И только великий князь Павел возился с Фридрихом-Вильгельмом, из-за чего тот все больше отдалялся от Екатерины и Потёмкина. Екатерина устроила в Эрмитажном театре спектакль, бал и ужин в честь принца Пруссии, но увидев, что он явился туда вместе с великим князем и его женой, сказала Харрису: «Хочу, чтобы вы защитили меня от этих увальней», после чего исчезла. Дипломаты интересовались, где же императрица. Оказалось, что она играла в бильярд с Потёмкиным и де Линем [17].

Императрица и светлейший князь вздохнули свободно, когда Фридрих-Вильгельм наконец удалился, не получив ничего. Он заметил, что его приняли холодно: став королем, он отомстит. Но де Линя русские отпустили с трудом. «Дипломатический жокей», как истинный джентльмен, остался немного дольше. Наконец в октябре он настоял на том, что ему пора уезжать, и Потёмкин отправился с ним, чтобы показать один из своих полков, и отпустил только с горой подарков: лошадьми, крепостными и инкрустированной бриллиантами шкатулкой. Потёмкин скучал по де Линю и постоянно спрашивал Кобенцля, когда тот вернется.

Именно этого австрийцы и добивались. Они засыпали Потёмкина комплиментами; вот один из примеров дипломатической лести: Кобенцль попросил своего императора по возможности упоминать о достоинствах Потёмкина в депешах, написанных «открытым текстом». Одновременно он польстил и Иосифу, отметив, что русский политик ценит мнение кайзера выше, чем слова королей Пруссии или Швеции. Но прямые комплименты императора необходимо было сохранить для особых случаев. Кроме того, он просил Иосифа также передать привет племянницам Потёмкина, девицам Энгельгардт [18].

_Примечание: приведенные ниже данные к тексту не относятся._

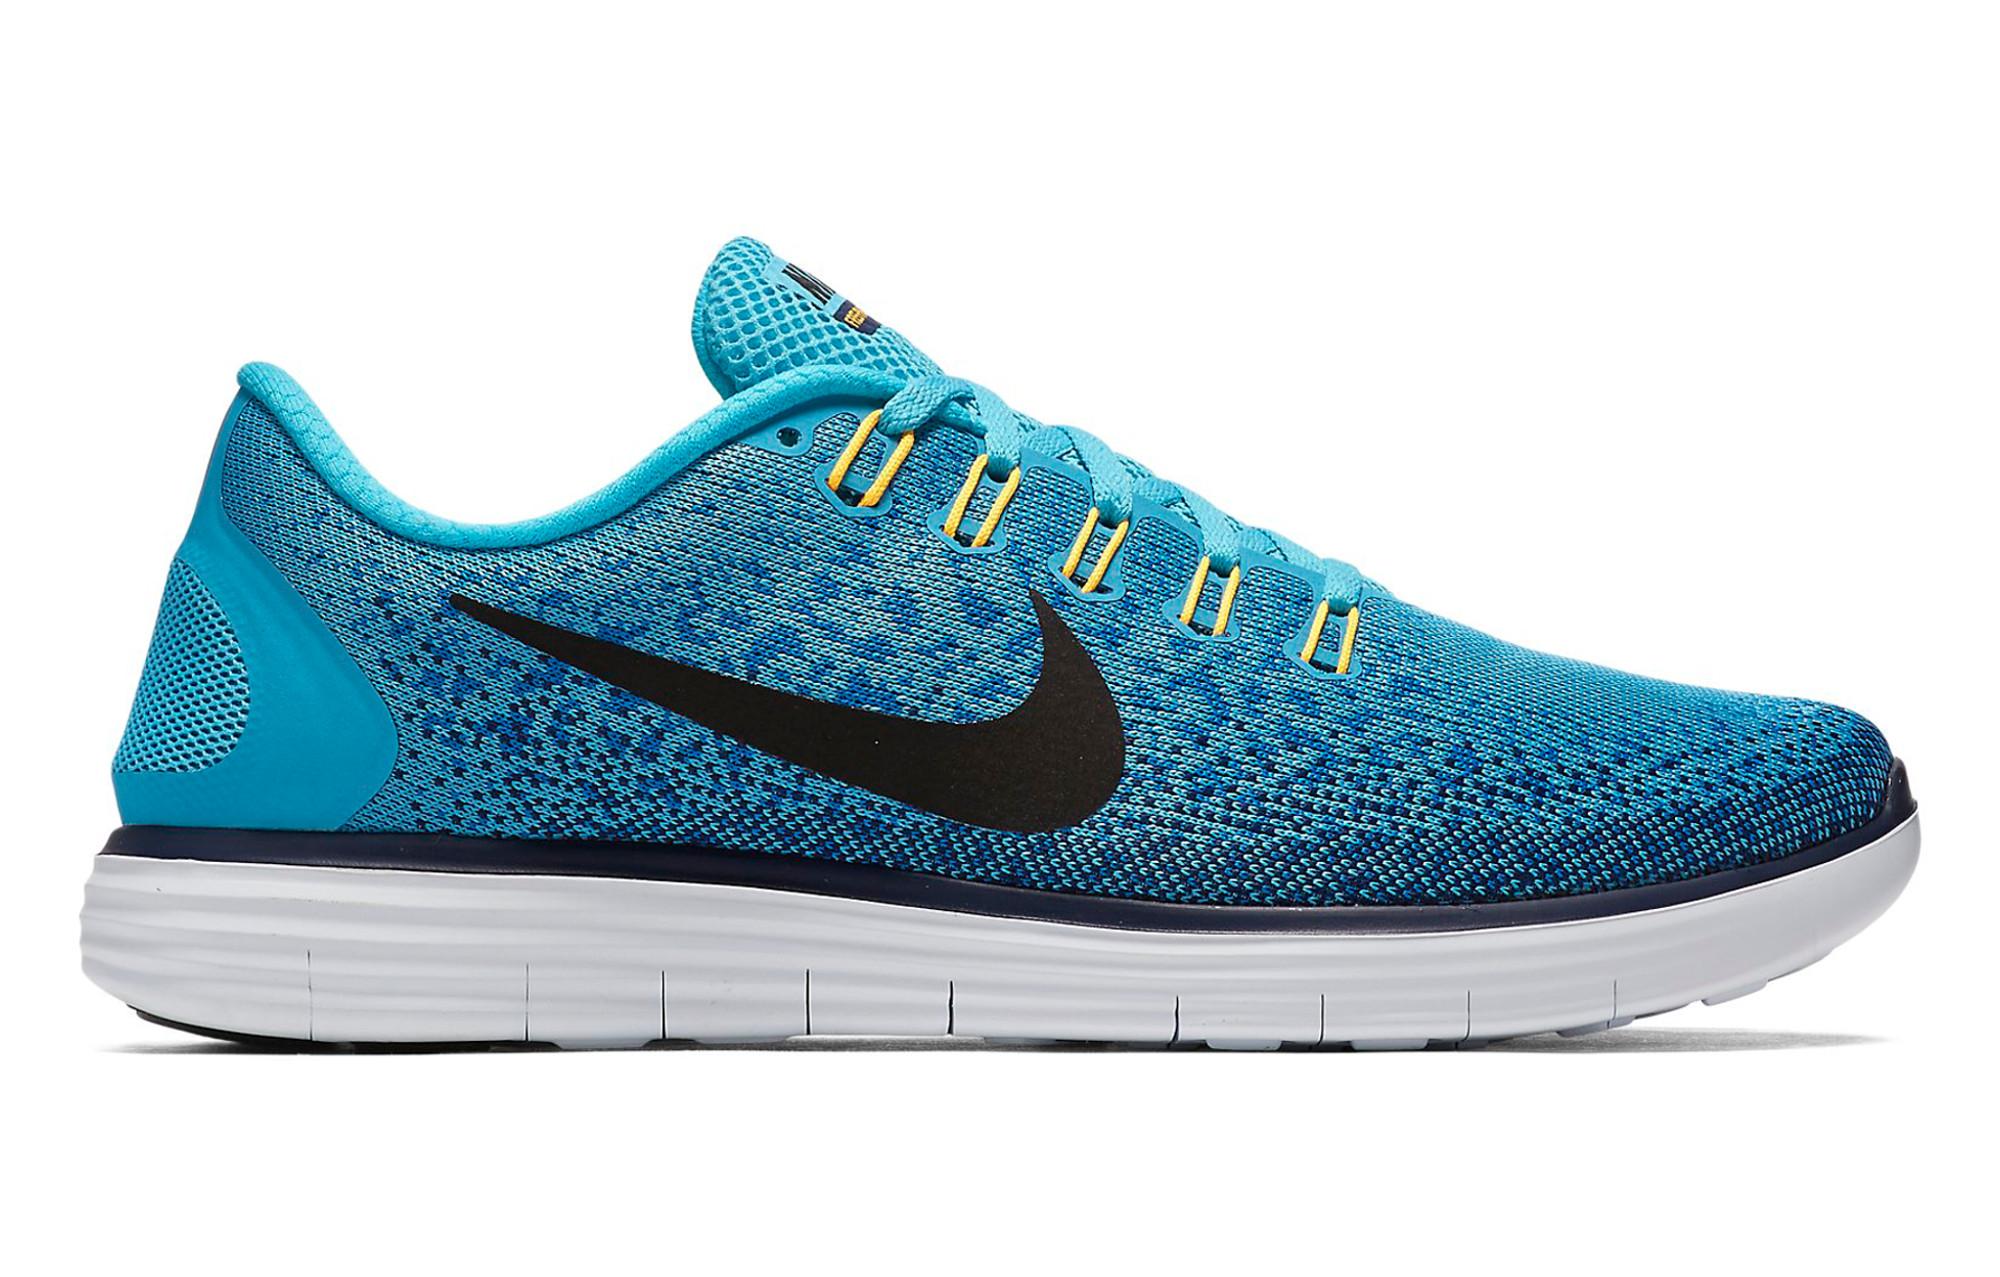 online retailer 2f2f3 7e635 Zapatillas Nike FREE RUN DISTANCE para Hombre

Семнадцатого (28) ноября 1780 года Иосиф освободился от оков благоразумной Марии Терезии. Ее смерть после сорока лет правления дала Иосифу возможность практически разрушить наследие Габсбургов таким образом, какой даже Фридрих Прусский не мог представить. В траурных письмах, которыми обменивались Вена и Петербург, горе с трудом скрывало усмешку. «Император, – писал де Линь в письме к Потёмкину 25 ноября, всего через неделю после смерти императрицы, – исполнен дружеских чувств к вам ‹…› Я имел истинное удовольствие убедиться, что они полностью совпадают с моими ‹…› Давайте мне знать время от времени, что вы меня не забыли» [19]. Так вопрос, конечно, даже не стоял.

Когда тело императрицы-королевы было погребено в Кайзергруфте – императорской усыпальнице в венской капуцинской церкви, – Иосиф понял, что может начать сближение с Россией. Потёмкин заявил Кобенцлю о своей «заинтересованности» и «серьезности намерений». Екатерина позаботилась о том, чтобы обо всех подробностях сообщали ей, а не «старому мошеннику» Панину, как она назвала его в письме к Потёмкину [20]. Екатерина и Иосиф сосредоточились на грядущей борьбе с султаном.